General information
- Location: 1142 Old City Center, Sofia
- Coordinates: 42°41′26.1″N 23°20′10.3″E﻿ / ﻿42.690583°N 23.336194°E
- Owner: Sofia Municipality
- Operator: Metropoliten JSC
- Platforms: side
- Tracks: 2
- Bus routes: 13
- Metro: 1 4 via SU St. Kliment Ohridski Metro Station
- Trolleybus: 1, 2, 3, 4, 5, 8, 11
- Bus: 9, 72, 75, 76, 84, 94, 184, 204, 213, 280, 304, X50, 604

Construction
- Structure type: sub-surface
- Depth: 28 m (92 ft)
- Platform levels: 2
- Parking: no
- Cycle facilities: no
- Accessible: yes
- Architect: Krasen Andreev

Other information
- Status: Staffed
- Station code: 3315; 3316
- Website: Official website

History
- Opened: 26 August 2020

Services
| Preceding station | Sofia Metro |  |  | Following station |
| St. Patriarch Evtimiy towards Gorna Banya |  | M3 line |  | Teatralna towards General Vladimir Vazov |

Location

= Orlov Most Metro Station =

Sofia metro station

Orlov Most (Орлов мост) is a Sofia Metro station on M3 line. It was opened on 26 August 2020 as part of the inaugural section of the line, from Hadzhi Dimitar to Krasno Selo.

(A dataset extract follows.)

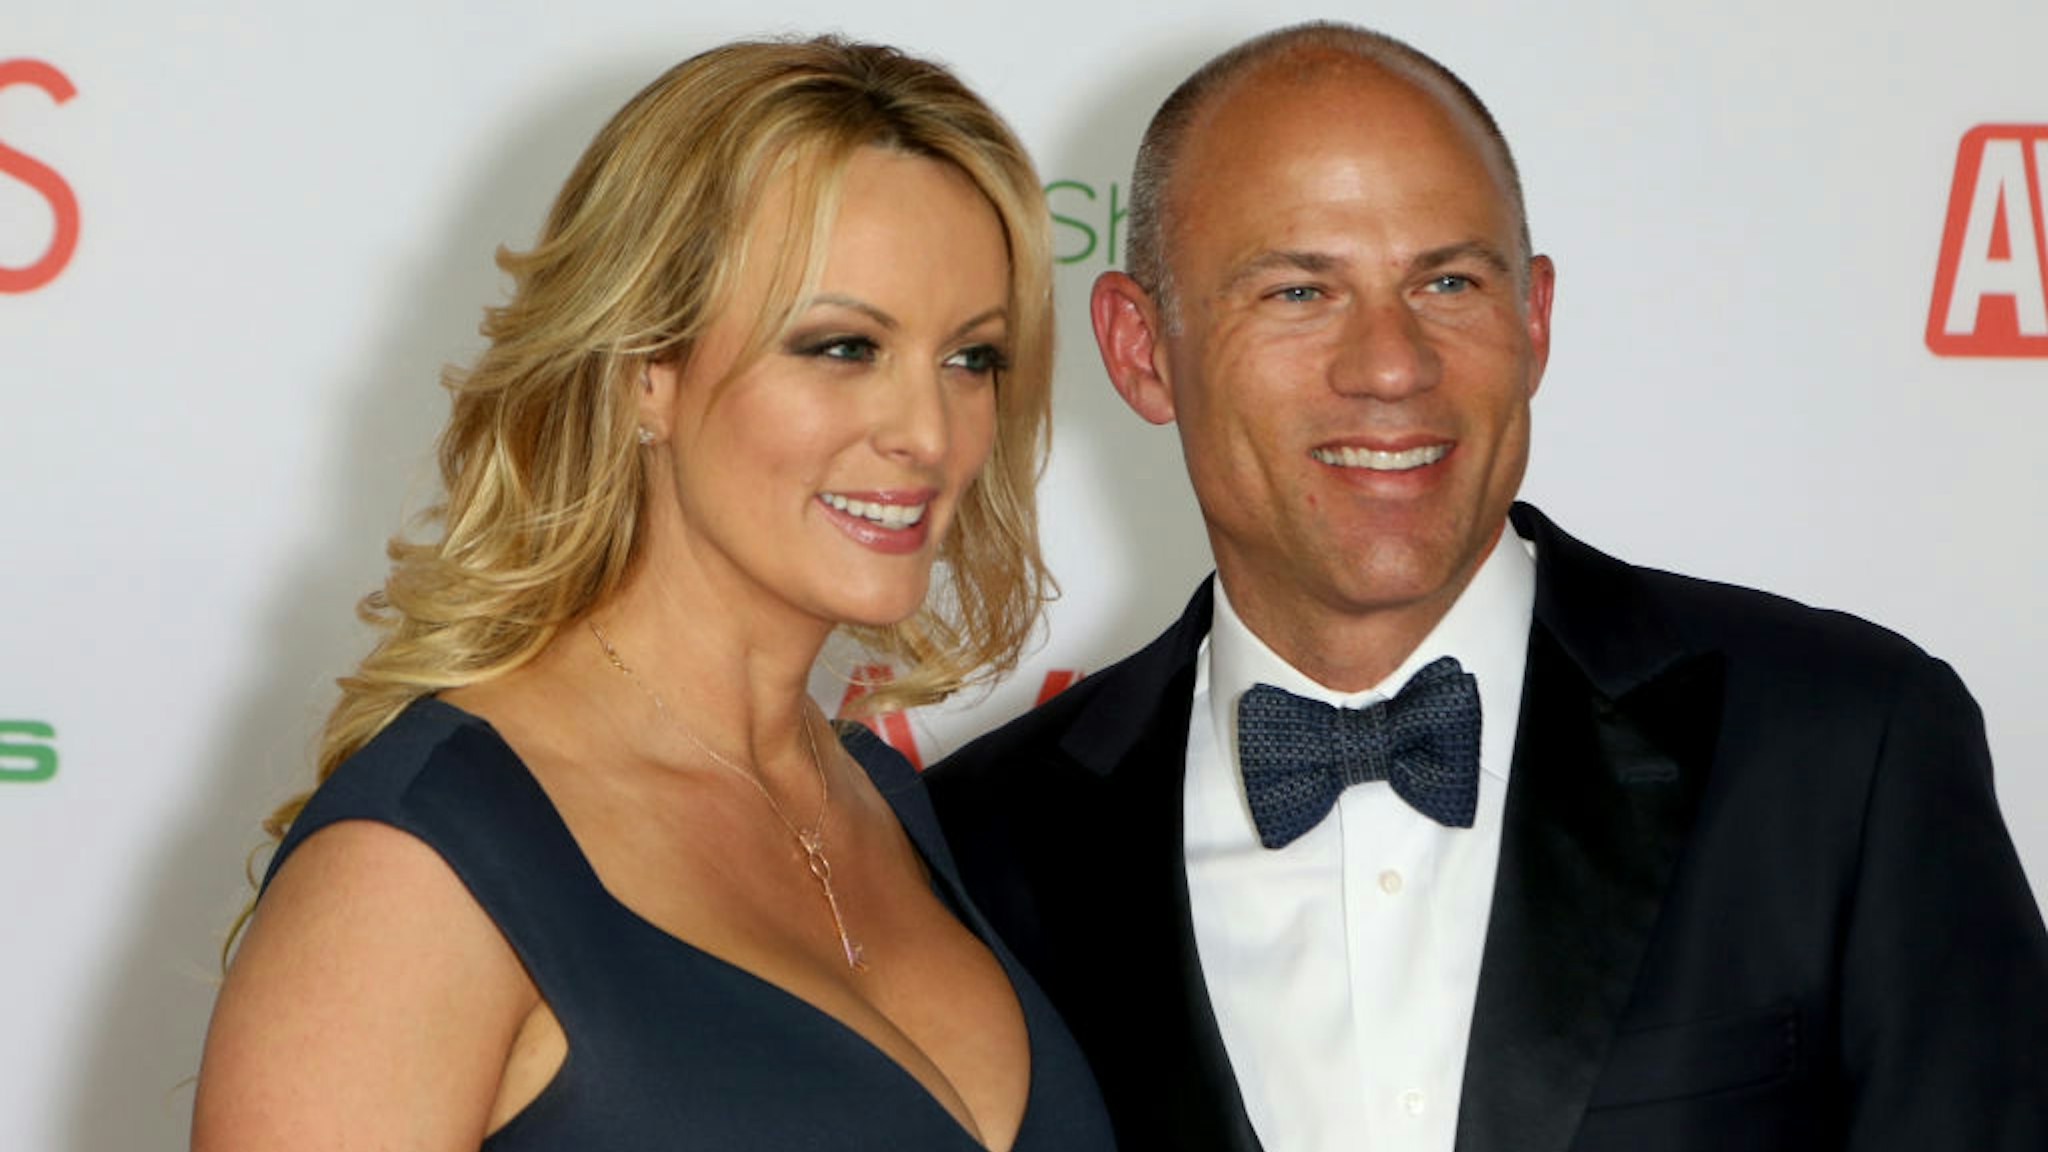 Adult film actress/director Stormy Daniels and attorney Michael Avenatti attend the 2019 Adult Video News Awards at The Joint inside the Hard Rock Hotel & Casino on January 26, 2019 in Las Vegas, Nevada.
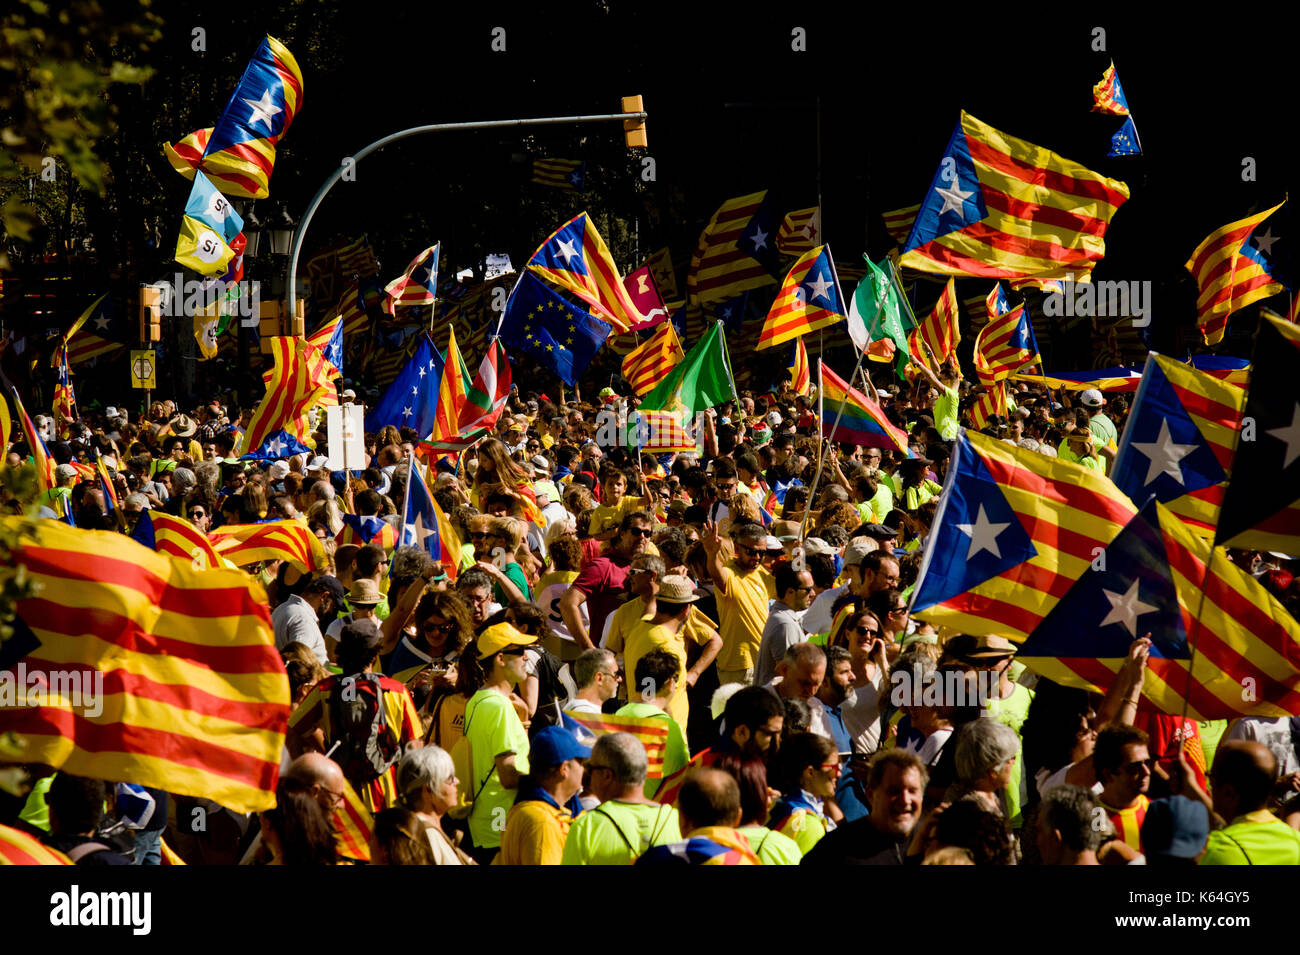 Barcelona, Catalonia, Spain. 11th Sep, 2017. In Barcelona, coinciding with Catalan national day or Diada, hundreds of thousands fill the streets demanding the independence of Catalonia. Catalan government aims to celebrate a referendum on independence next first october. Credit: Jordi Boixareu/ZUMA Wire/Alamy Live News Stock Photo

The station is located between Teatralna and St. Patriarch Evtimiy on the M3 line. Тhere is a pedestrian tunnel connecting it, to SU St. Kliment Ohridski Metro Station, allowing transfers to the M1 and M4 metro lines.

== Location ==
The station is located near Eagles' Bridge (Orlov Most) and the north-western most edge of the Borisova gradina.

== Transfers ==
The station is connected to SU St. Kliment Ohridski Metro Station via an underground tunnel, in order to facilitate transfers between the M3 and M1/4 lines.

== History ==
The station was M3's northernmost terminus between 11 May and 15 June 2026, due to the construction of a junction between it and Teatralna Metro Station, intended for the expansion of M3 from Zhk Geo Milev to Tsarigradsko shose.